▶ [Task objective]
The whole listing, exactly as given: write it out, leaving out each image.

▶ [Input data]
↓↓↓

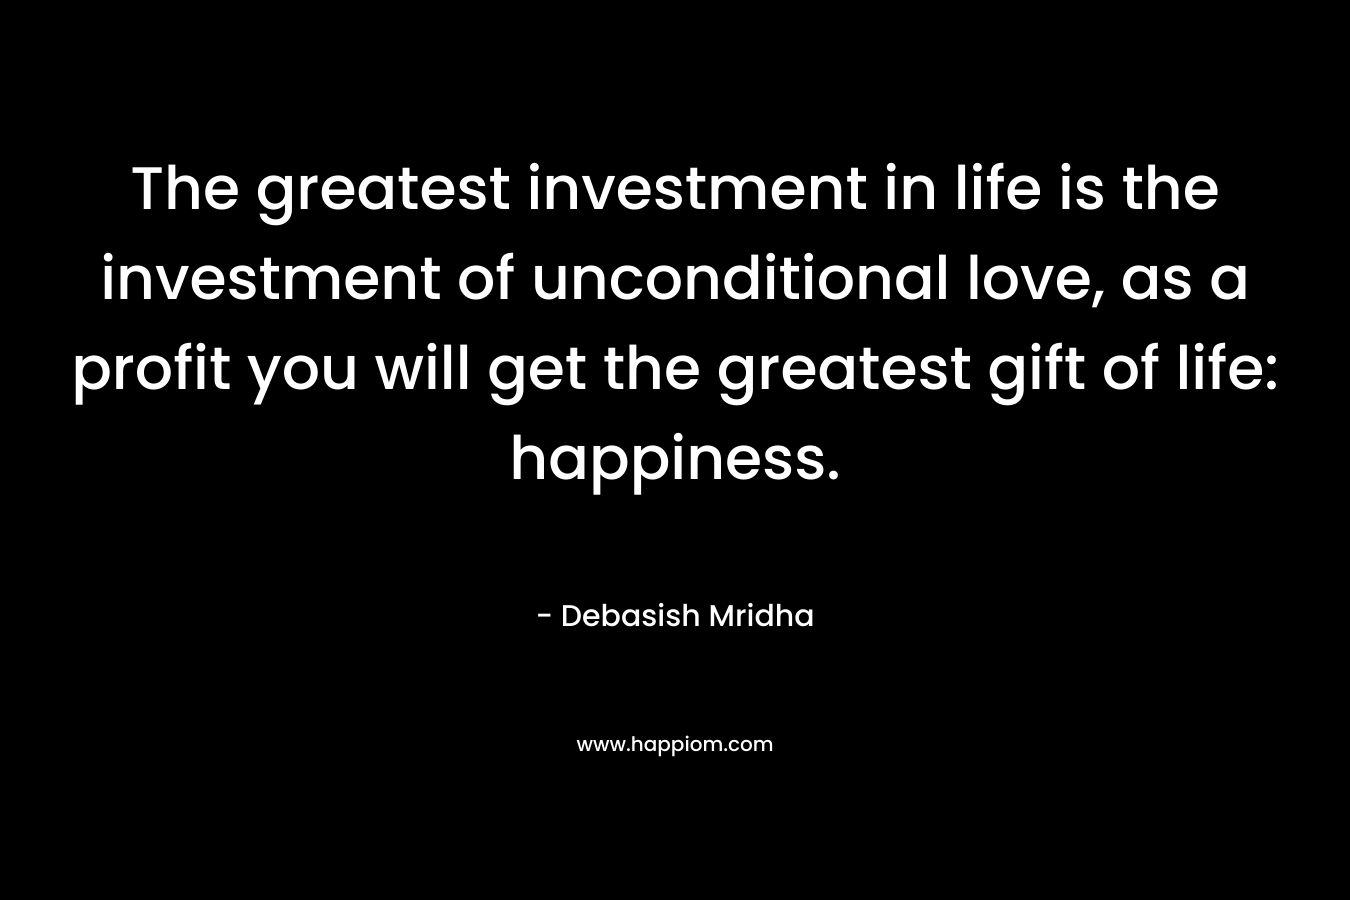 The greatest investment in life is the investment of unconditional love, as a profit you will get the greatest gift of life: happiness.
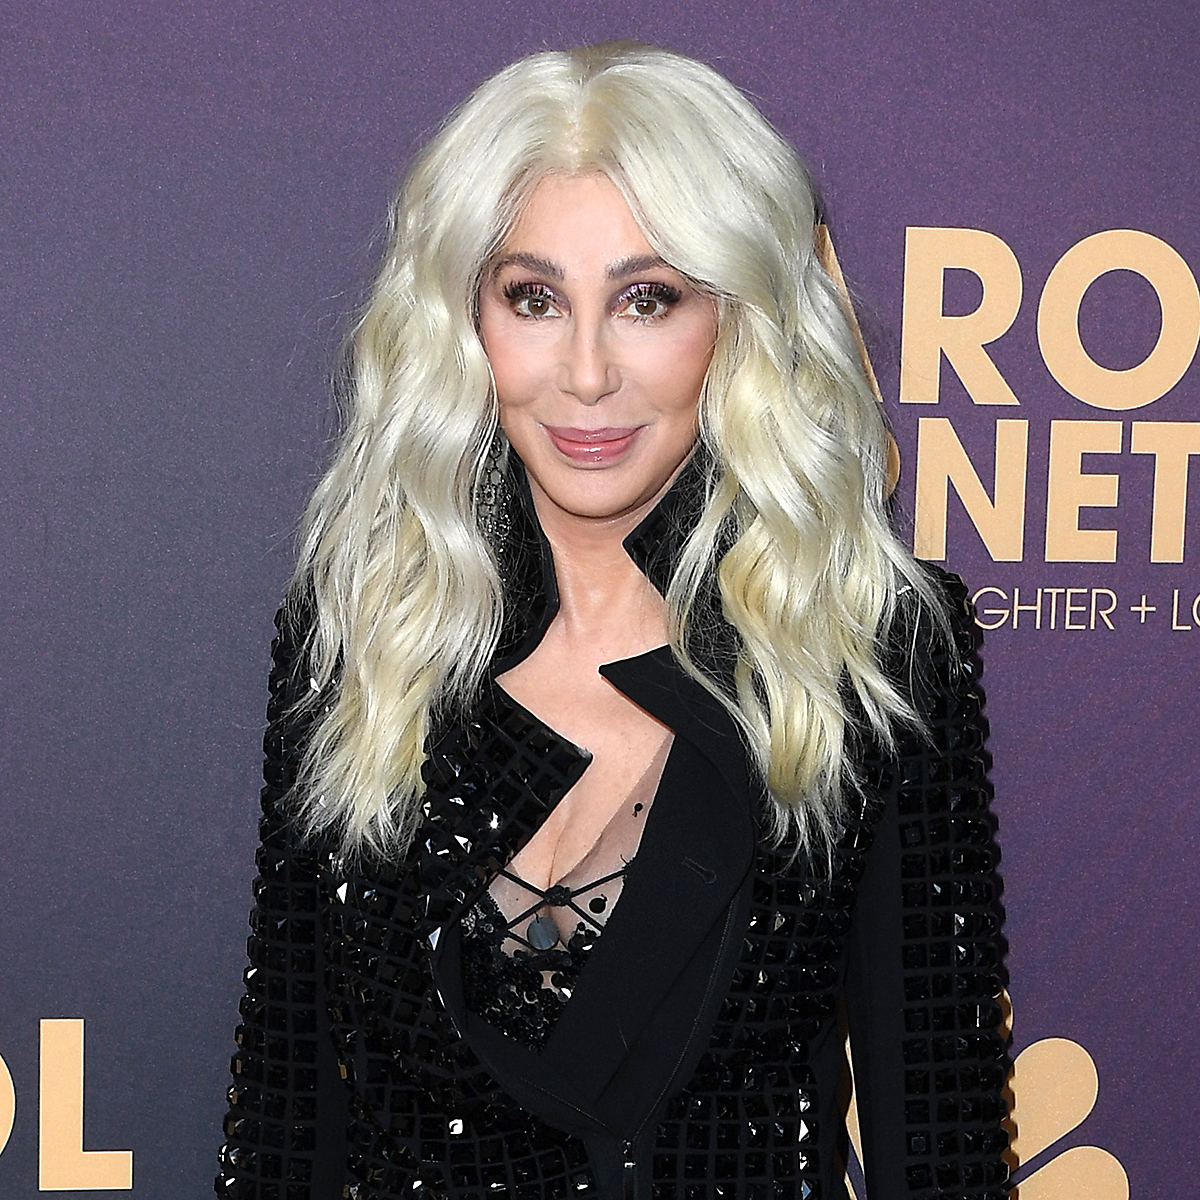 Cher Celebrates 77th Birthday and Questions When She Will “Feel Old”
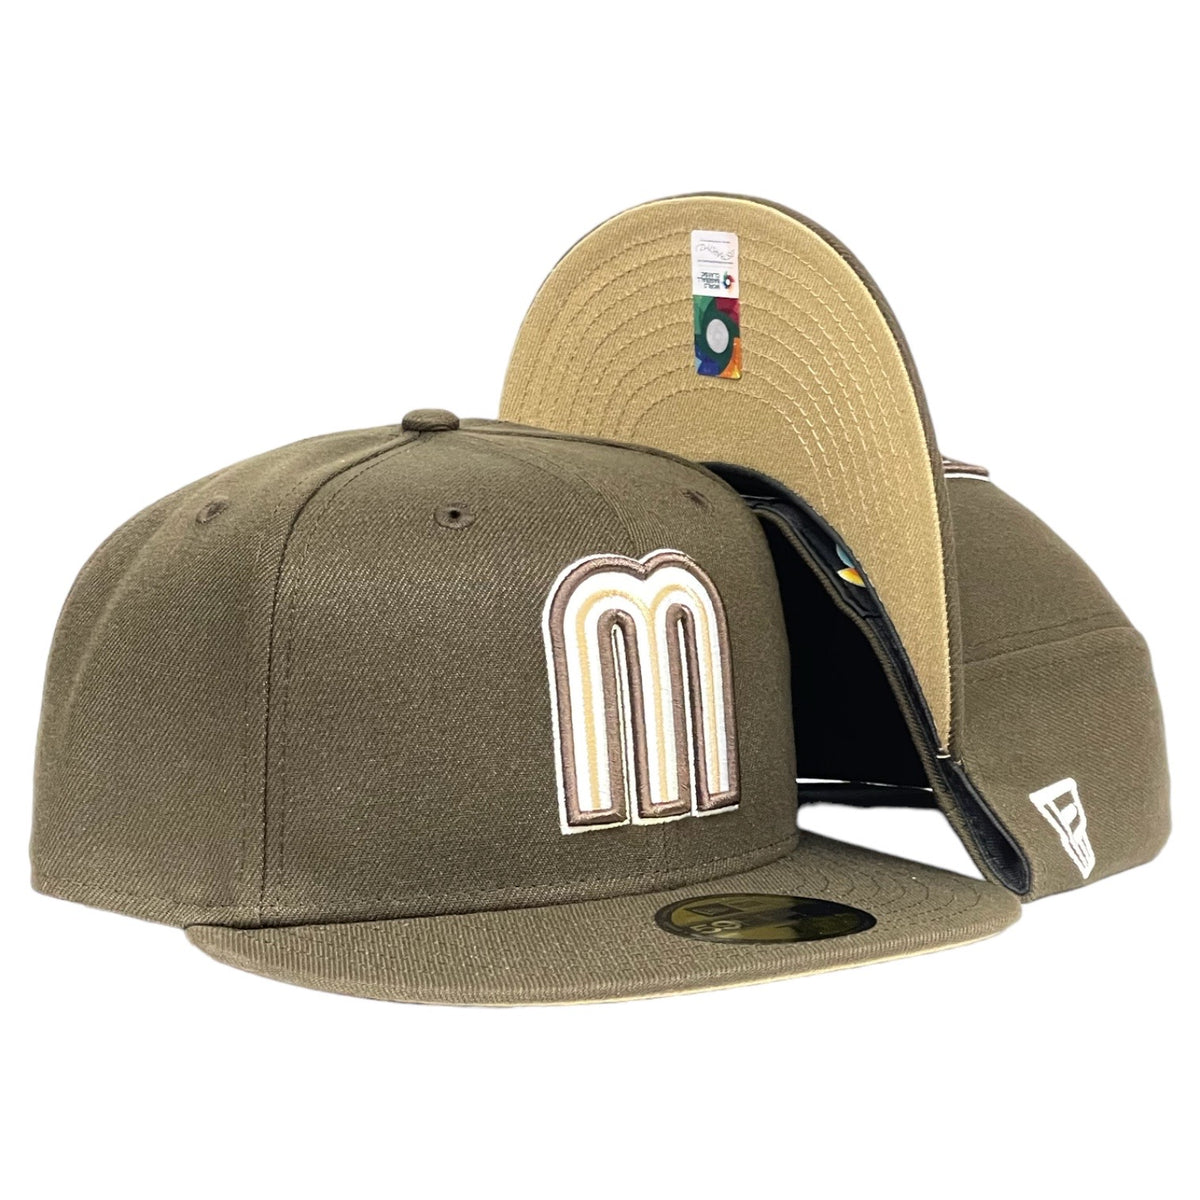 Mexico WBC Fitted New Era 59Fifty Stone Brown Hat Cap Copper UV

↑↑↑

▶ [Solution to this exercise]
 The greatest investment in life is the investment of unconditional love, as a profit you will get the greatest gift of life: happiness.
 Cher Celebrates 77th Birthday and Questions When She Will “Feel Old”
 Mexico WBC Fitted New Era 59Fifty Stone Brown Hat Cap Copper UV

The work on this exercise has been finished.